You get addicted to nature, the scenery, and the sounds. Everything is so vibrant and full.
Photo by: boredinvancouver.com
Photo by: sonnyphotos.typepad.com
I love camping because it feels unprocessed and unrefined. You set your own schedule and the days just seem to blend together.
This is why I have such a problem with the abomination that is “glamping”. Glamping takes every natural part of the camping environment, injects it with silicone, and gorges it on Happy Meals. It’s like the time my uncle bought a cottage and invited the family up to see it. Turns out the cottage was really just a house in a quaint little neighborhood on the outskirts of suburbia. It was a really nice house, don’t get me wrong. But I wasn’t about to go quartz diving in the hot tub.
Camping is a way for us to get back to our roots by communing with nature. Go to any major city centre, what do you see? Concrete, tar, smog, and garbage. I don’t know about you, but I have an extremely hard time waking up and seeing that day after day. I feel sick when I have to go to malls, people are spilling out of every crevice and the disconnect is maddening. Camping returns you to minimalism. To be completely predictable, you can hear yourself think.
Camping is a way for us to get back to our roots by communing with nature.
Photo by: professionalwreckhead.com
Imagine standing at the corner of a major intersection and just screaming. I can tell you what would happen: everyone would do their very best to act like you don’t exist, but the looks of disdain would be antagonizing. Screaming on top of a mountain is the polar opposite. The echoes of your own voice bounce around and envelop you in a security blanket of sound waves.
Committing an act of glamping won’t reap the same benefits as going camping. Glamping is a byproduct of a capitalistic industry hell-bent on plasticizing the world. If camping was water, glamping would be Diet Coke: shiny, sugary, and fake.
Glamping is a byproduct of a capitalistic industry hell-bent on plasticizing the world.

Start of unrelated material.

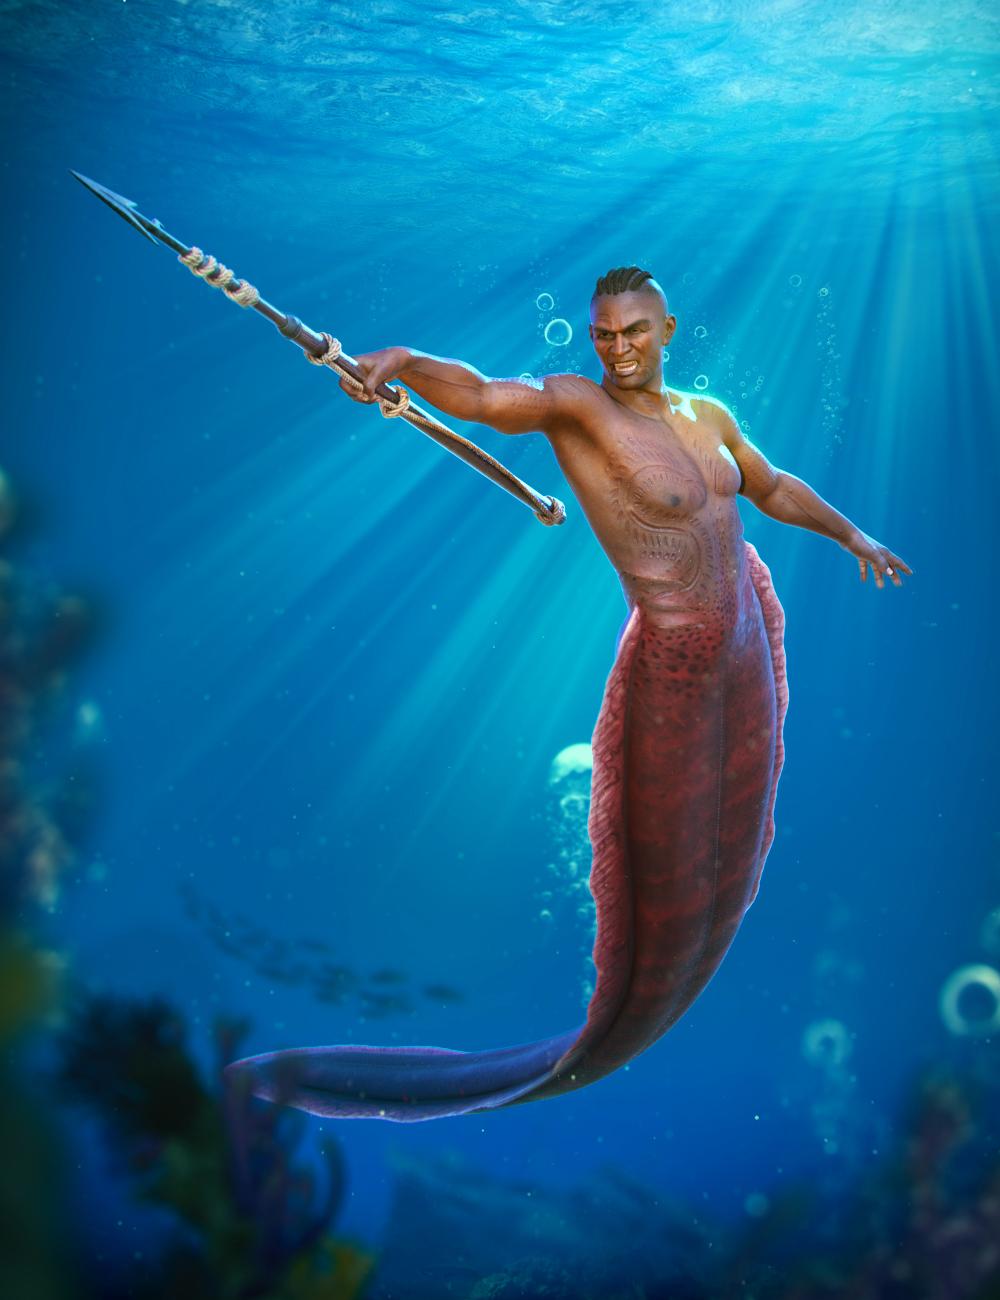 Mermaid Animations for Zale 8.1 by: ThreeDigital, 3D Models by Daz 3D

Photo by:wildgoosefestival.org
There are a plethora of ways to make camping a more gentle experience, without the added drawback of paying for it through the nose. Acquiring a couple of tarps can solve the issue of waking up in your own mini pool after a heavy rainfall. Switch out a foam mat for an air mattress if it means you’ll get a better night’s sleep. Actually zipping your tent up before going to sleep, no matter how pretty the moon looks, will hopefully prevent the dead ant situation.

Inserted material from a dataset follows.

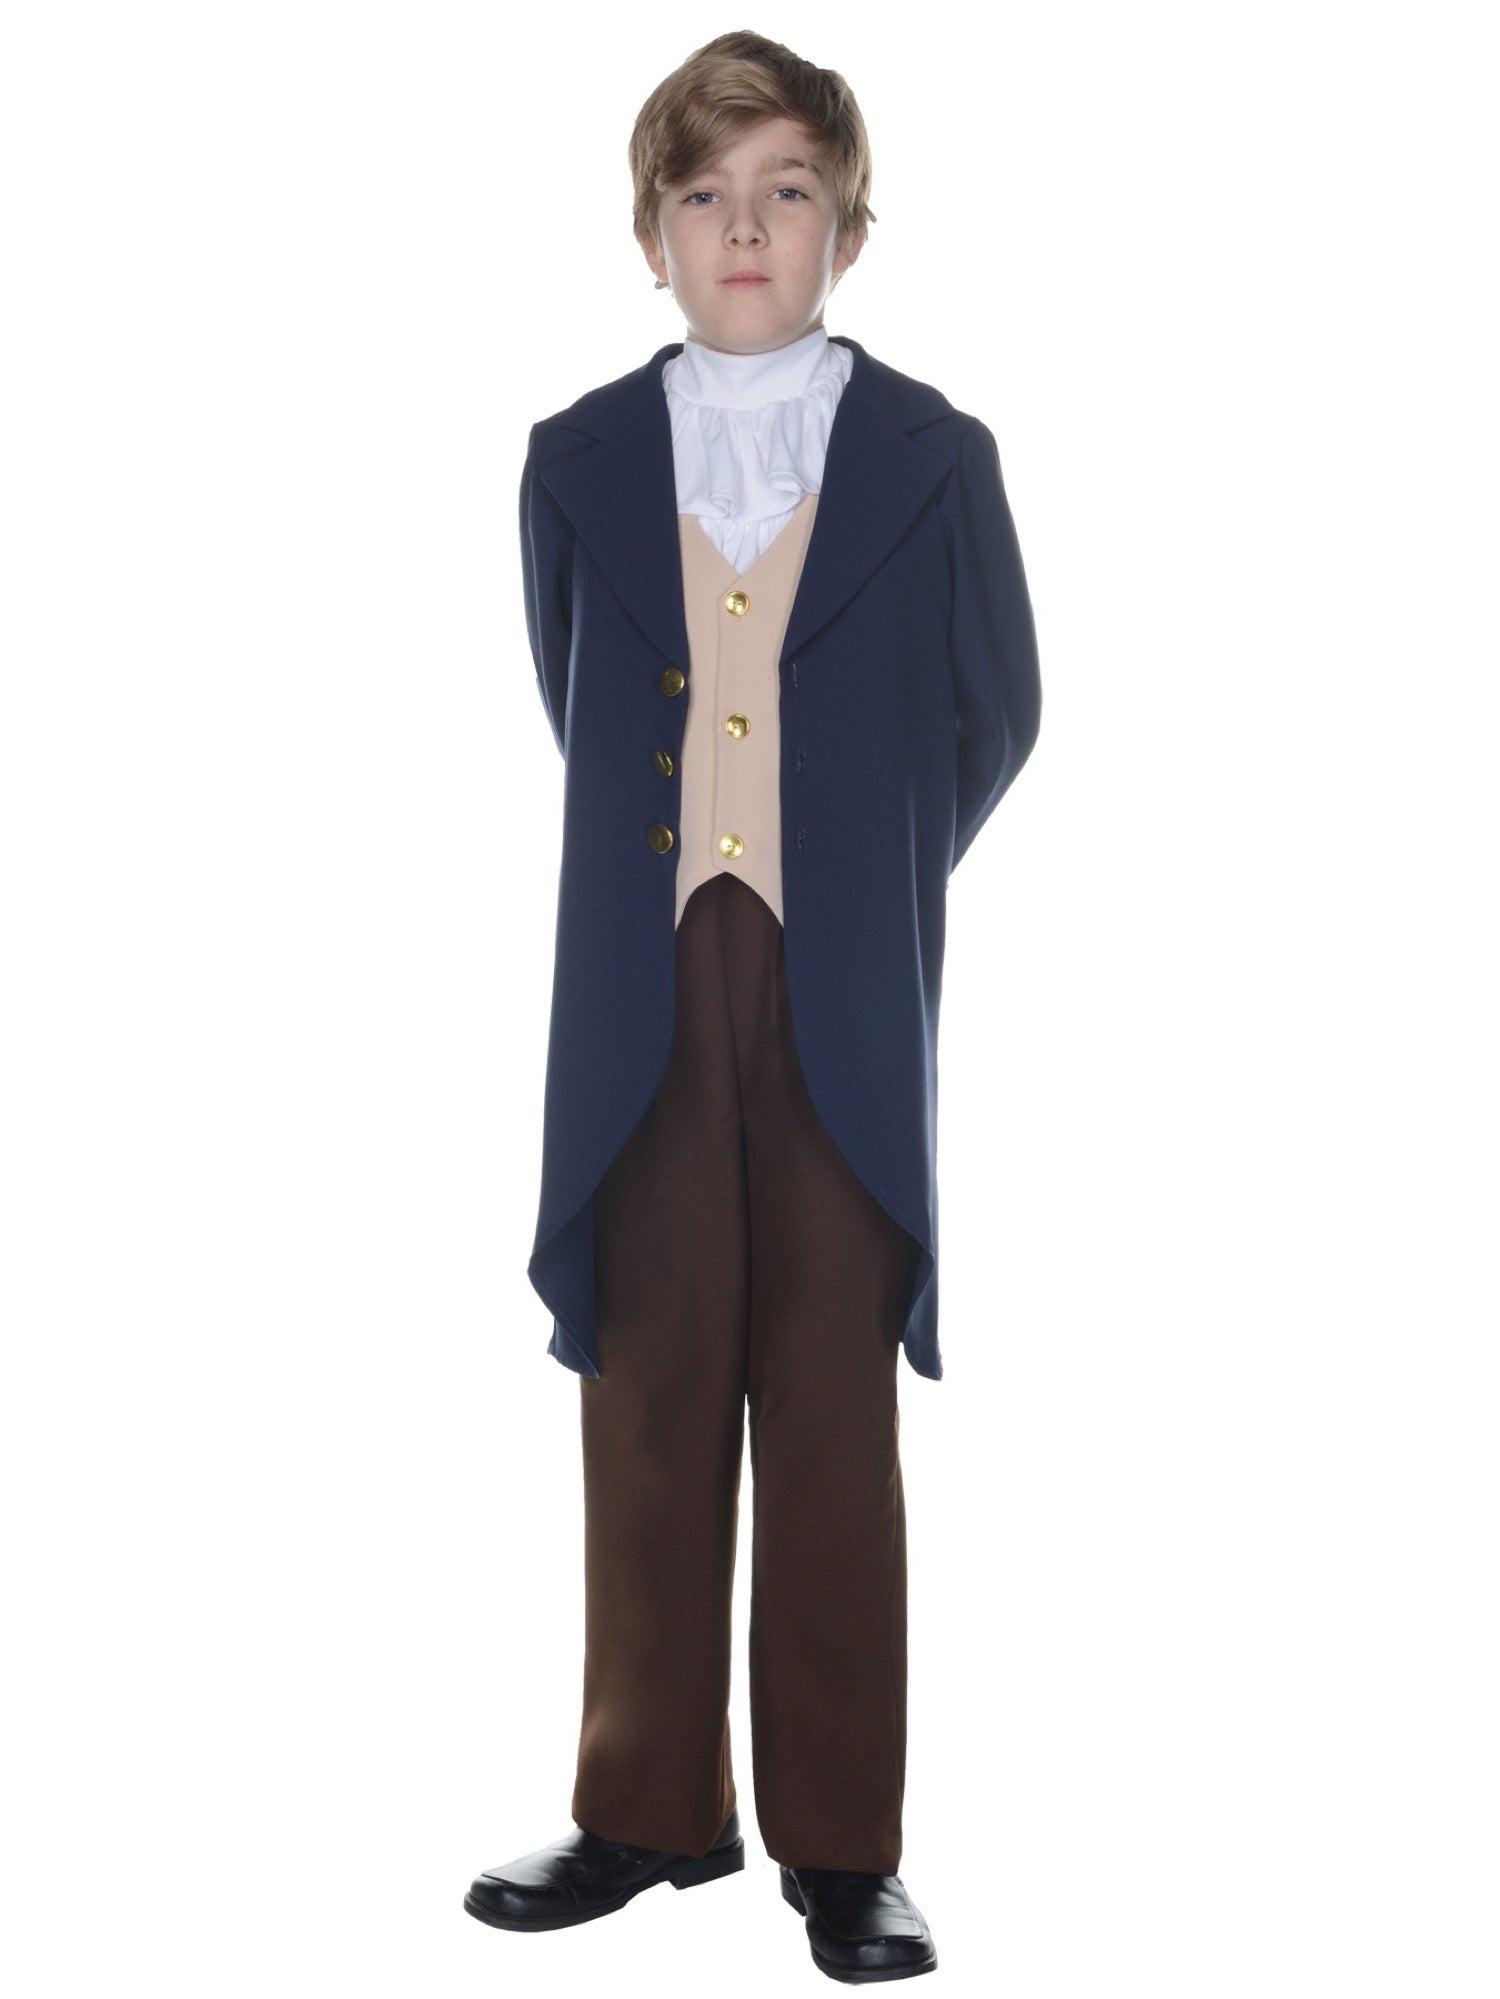 Hobbypos Thomas Jefferson US President Founding Father Colonial Victorian Boys Costume

Camping rallies against the polished and elegant. This is why I see no similarity between the two. Even the tents used in glamping excursions are nothing like the tents you would actually camp with. Try hiking with one of these packaged up and strapped to your back. I guess I’m just not glamorous enough to even contemplate trying that.
Glamping isn’t camping, going glamping is the same as visiting a resort. Except there aren’t any water slides, but rest assured I’m positive there’s a gift shop.
Do yourself a favour, before booking an all-inclusive glamping getaway, strap on a pair of runners and go walking through your nearest trail. Breathe in, breathe out. Don’t trade the natural elements for something synthetic and processed. Don’t trade the natural elements for anything. There are healing powers in nature and I guarantee that a weekend away from civilization will do more for you than any spa package.